A networkAcls block as defined below.

property purgeProtectionEnabled

purgeProtectionEnabled?: pulumi.Input<boolean>;

Is Purge Protection enabled for this Key Vault? Defaults to false.

property resourceGroupName

resourceGroupName?: pulumi.Input<string>;

The name of the resource group in which to create the Key Vault. Changing this forces a new resource to be created.

property skuName

skuName?: pulumi.Input<string>;

The Name of the SKU used for this Key Vault. Possible values are standard and premium.

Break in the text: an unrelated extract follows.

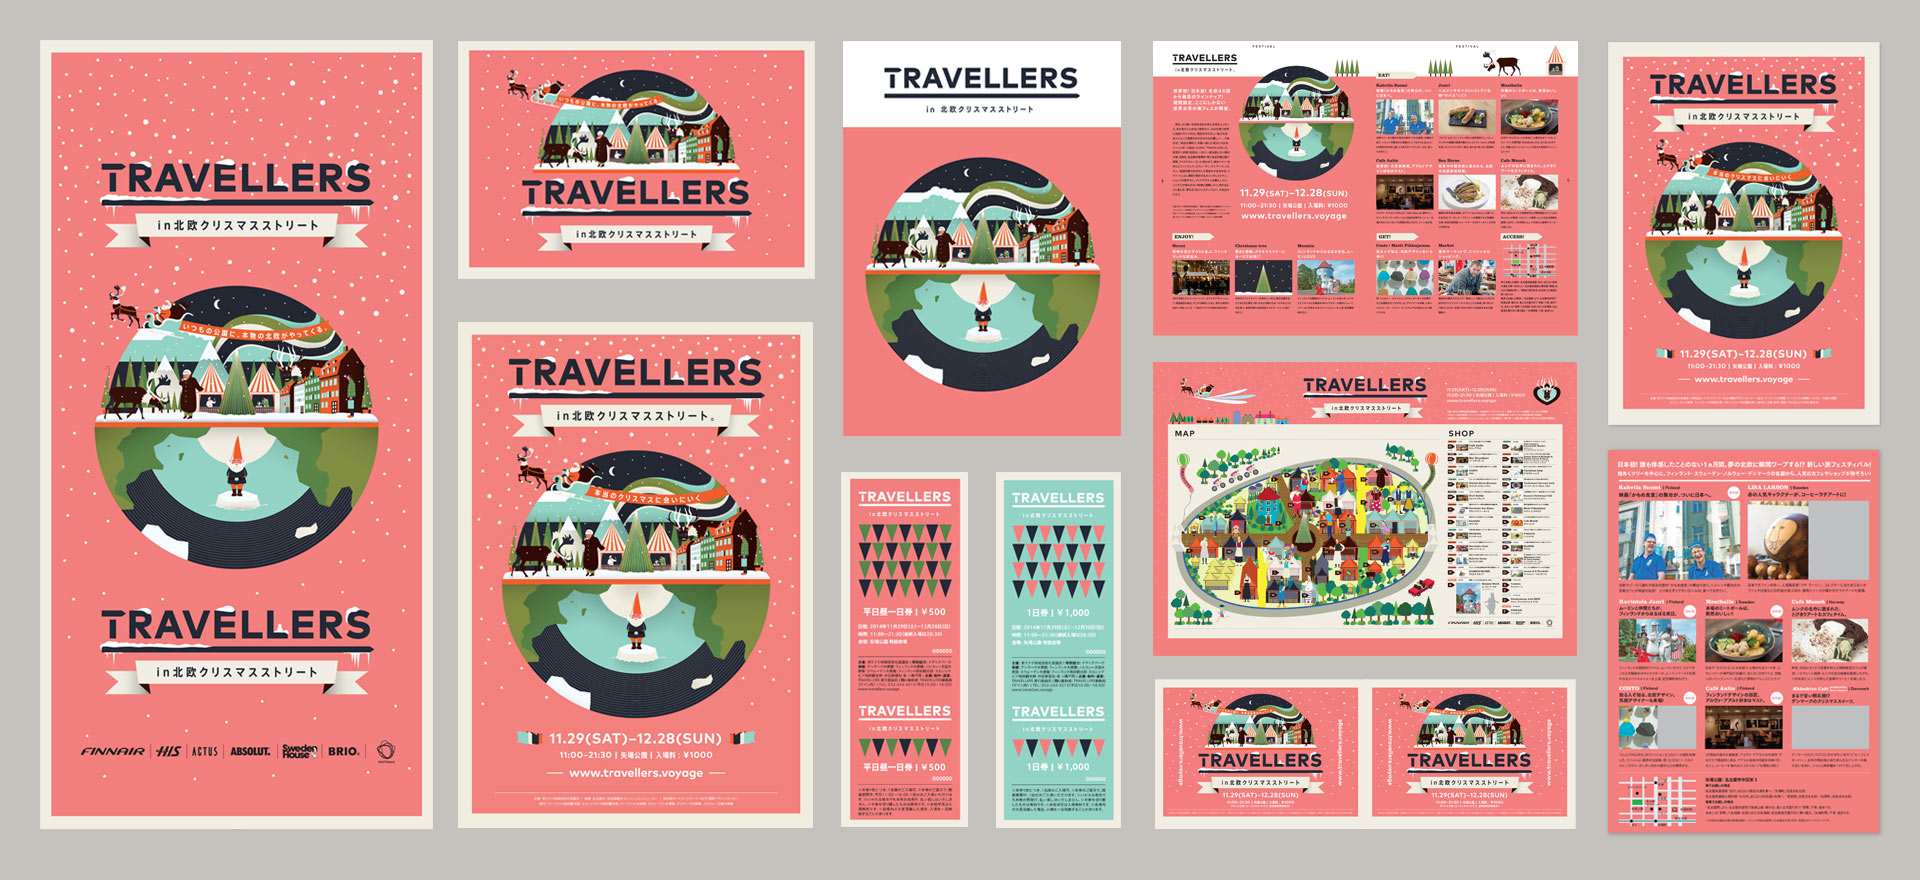 travellers_004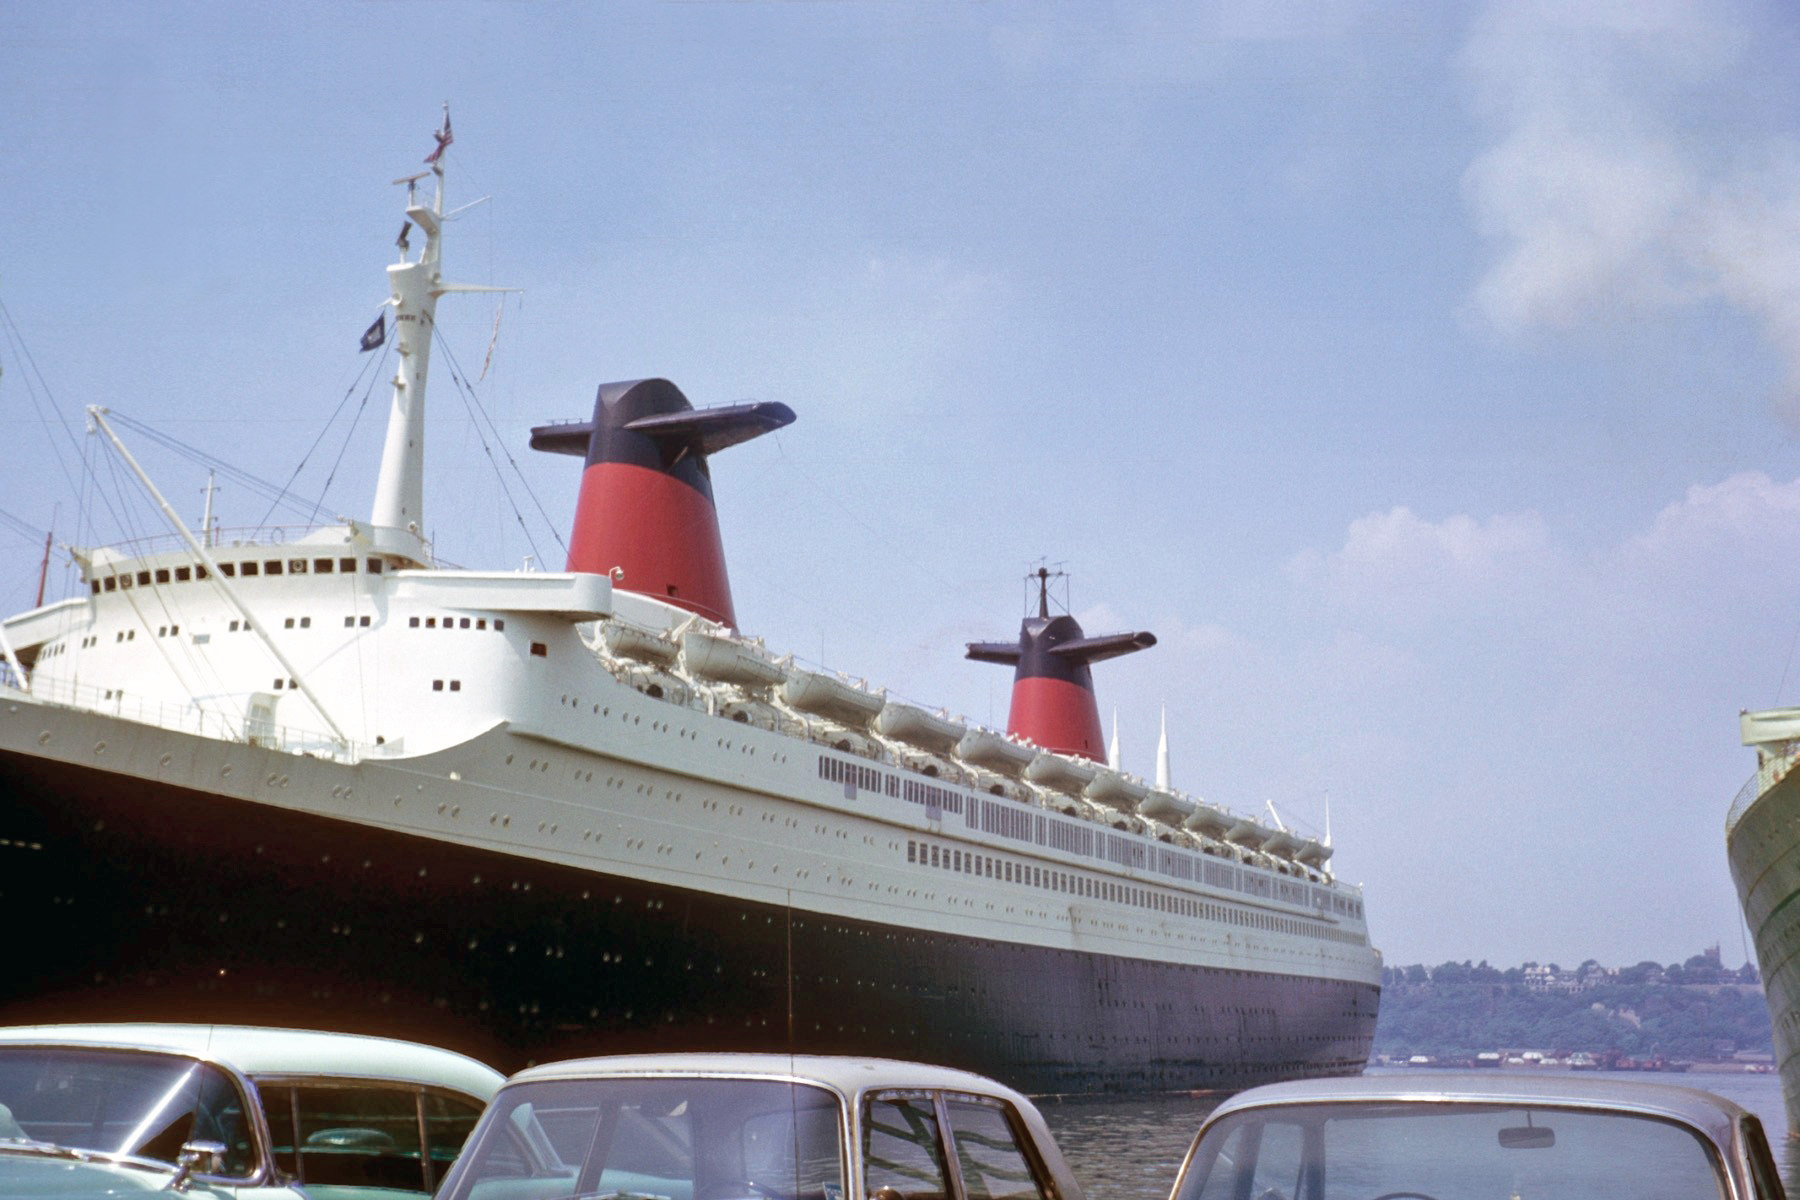 This is a picture of the SS France (French Line) my father took prior to our family boarding the ship at Pier 88, New York for a European trip in the summer of 1963. We were on our way to visit family in both England and France. They don’t build them like that anymore, that includes the cars in the foreground. Gross Tonnage: 66,343; Length: 1,035 ft; Beam: 110.6 ft. View full size.

property softDeleteEnabled

softDeleteEnabled?: pulumi.Input<boolean>;

Should Soft Delete be enabled for this Key Vault? Defaults to false.

property tags

tags?: pulumi.Input<{[key: string]: pulumi.Input<string>}>;

A mapping of tags to assign to the resource.

property tenantId

tenantId?: pulumi.Input<string>;

The Azure Active Directory tenant ID that should be used for authenticating requests to the key vault.

property vaultUri

vaultUri?: pulumi.Input<string>;

The URI of the Key Vault, used for performing operations on keys and secrets.

interface SecretArgs

interface SecretArgs

The set of arguments for constructing a Secret resource.

property contentType

contentType?: pulumi.Input<string>;

Specifies the content type for the Key Vault Secret.

property expirationDate

expirationDate?: pulumi.Input<string>;

Expiration UTC datetime (Y-m-d’T’H:M:S’Z’).

property keyVaultId

keyVaultId: pulumi.Input<string>;

The ID of the Key Vault where the Secret should be created.

property name

name?: pulumi.Input<string>;

Specifies the name of the Key Vault Secret. Changing this forces a new resource to be created.

property notBeforeDate

notBeforeDate?: pulumi.Input<string>;

Key not usable before the provided UTC datetime (Y-m-d’T’H:M:S’Z’).

property tags

tags?: pulumi.Input<{[key: string]: pulumi.Input<string>}>;

A mapping of tags to assign to the resource.

property value

value: pulumi.Input<string>;

Specifies the value of the Key Vault Secret.

interface SecretState

interface SecretState

Input properties used for looking up and filtering Secret resources.

property contentType

contentType?: pulumi.Input<string>;

Specifies the content type for the Key Vault Secret.

property expirationDate

expirationDate?: pulumi.Input<string>;

Expiration UTC datetime (Y-m-d’T’H:M:S’Z’).

property keyVaultId

keyVaultId?: pulumi.Input<string>;

The ID of the Key Vault where the Secret should be created.

property name

name?: pulumi.Input<string>;

Specifies the name of the Key Vault Secret. Changing this forces a new resource to be created.

property notBeforeDate

notBeforeDate?: pulumi.Input<string>;

Key not usable before the provided UTC datetime (Y-m-d’T’H:M:S’Z’).

property tags

tags?: pulumi.Input<{[key: string]: pulumi.Input<string>}>;

A mapping of tags to assign to the resource.

property value

value?: pulumi.Input<string>;

Specifies the value of the Key Vault Secret.

property version

version?: pulumi.Input<string>;

The current version of the Key Vault Secret.